The current divorce rate in the United Kingdom sits at 42%. While a variety of factors undoubtedly contribute to this, Umea University in Sweden has revealed that marriages in which one partner must commute for 45 minutes or more are 40% more likely to end in divorce. With current statistics from Swytch – the UK’s leading e-bike conversion kit company – finding that 19% of Brits currently say their commute to work is 60 minutes or longer, this does not bode well for the nation. However, rather than couples limiting themselves to remote jobs, the travel experts at Swytch explain how switching to an active commute – involving walking, running or cycling, for example – can mitigate the negative effects of travelling by car or public transport and help save relationships.
Exercise is a mood booster and energiser
Commuting by train, bus or car usually means bookending the day with environmental stressors such as excessive noise exposure, other commuters’ behaviours, overcrowding, and overheating. Highlighting the toll this takes on our physical and mental health, Swytch has found that 20% of Brits even say their commute is more draining than work itself.

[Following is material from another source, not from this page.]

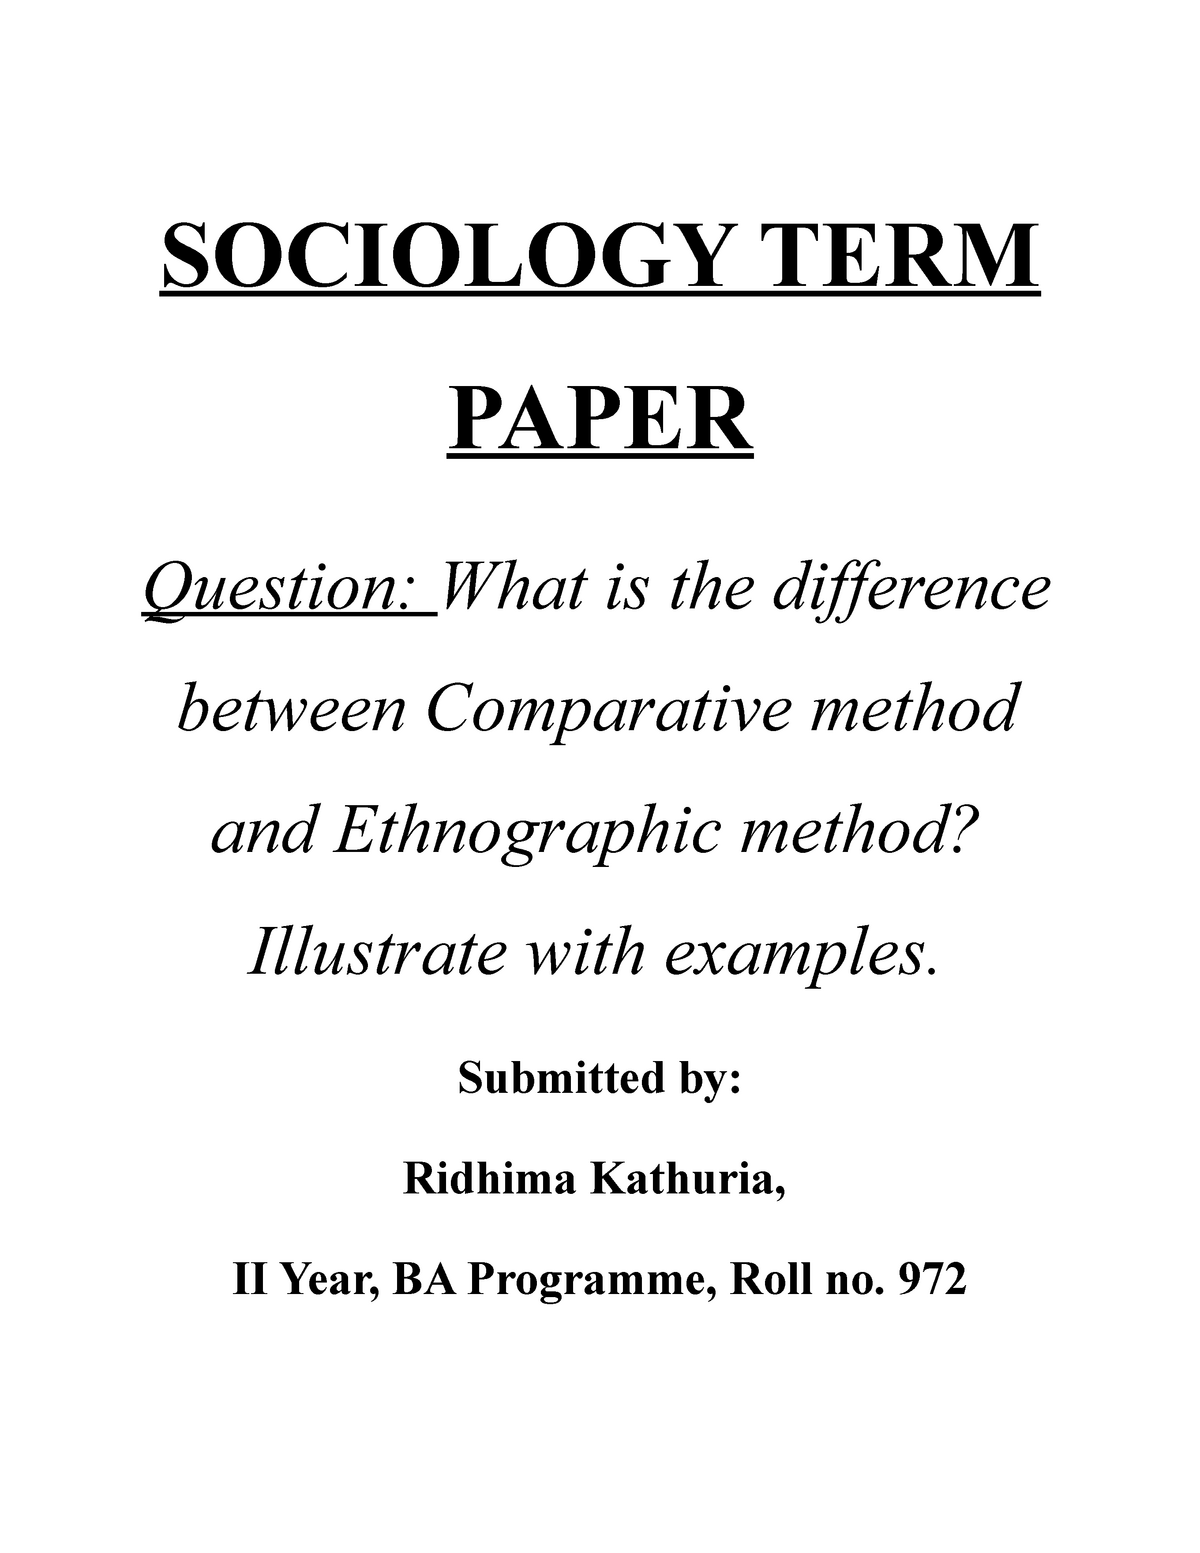 a sociology term paper

Research has found that the swap to an active commute has been linked with feel-good hormones known as endorphins. Not only does this mean arriving home feeling positive and energised, but according to AlloHeath mood also affects communication which is essential in the maintenance of healthy relationships.
Two birds with one stone
Longer commutes have the disadvantage of reducing the amount of time available to spend with friends, spouses, hobbies, and personal relaxation. If a person has spent all day at work, 40 minutes or more commuting, and then wants to fit in a gym session, this is likely to cut into precious time spent with loved ones. An active commute allows couples to get their exercise in during the day freeing up at least an extra hour.
More money to spend on your partner
The cost of a commute can really add up. For instance, in London alone, the cost of travel cards rose by 5.9% according to TFL, with an annual travelcard from Zone 4 standing at a staggering £2,340. Whilst spending money on a significant other is not essential, it can be a nice way of showing one’s affection and appreciation. By switching to a bike or e-bike to get to work, which is already the case for 15% of Brits, there is much more room to save for a holiday or spend on gifts or dates.
Fitness and mental wellbeing
Long-term, physical exercise can boost well-being and confidence by making people feel good about their fitness and abilities. This increased level of self-love and happiness enables people to devote more positive energy to their relationship. Adding to this, according to the Centre for Diet and Activity Research, cycling to work instead of taking the bus or underground can improve mental wellness. This is in line with Swytch’s findings, who found that 48% of Brits believe their mental health has significantly improved since they began cycling or walking on a daily basis. The more satisfied a person feels with themselves, the more likely this is to translate into their relationship.
Moreover, the positive impact of physical activity on mental health extends beyond the individual to encompass the dynamics of romantic relationships. For couples seeking to strengthen their bond or address underlying issues, incorporating psychosexual therapy alongside regular exercise routines can be transformative. By combining the benefits of physical activity with targeted therapeutic interventions, couples can navigate challenges, enhance communication, and foster intimacy in a holistic manner. As individuals cultivate a deeper sense of self-awareness and emotional fulfillment through both exercise and counseling, they are better equipped to nurture fulfilling relationships grounded in mutual respect, trust, and shared growth.
CEO of Swytch Technology and travel expert, Oliver Montague, delves into how changing your commute could help you strengthen the relationship between you and your loved ones:
“There is now a growing body of research showing how long commutes via car or public transport can impact not only personal well-being but also relationships with spouses and family members. If reducing the length of the commute is not feasible, I would encourage considering active commuting as an alternative. By incorporating walking or cycling into your daily routine, individuals can transform their commutes into opportunities for exercise and personal well-being. The psychological and physical benefits of exercise are well-documented, including the increased production of serotonin and endorphins which can transform our mood and overall well-being, having the knock-on effect of supporting meaningful relationships and work-life balance.”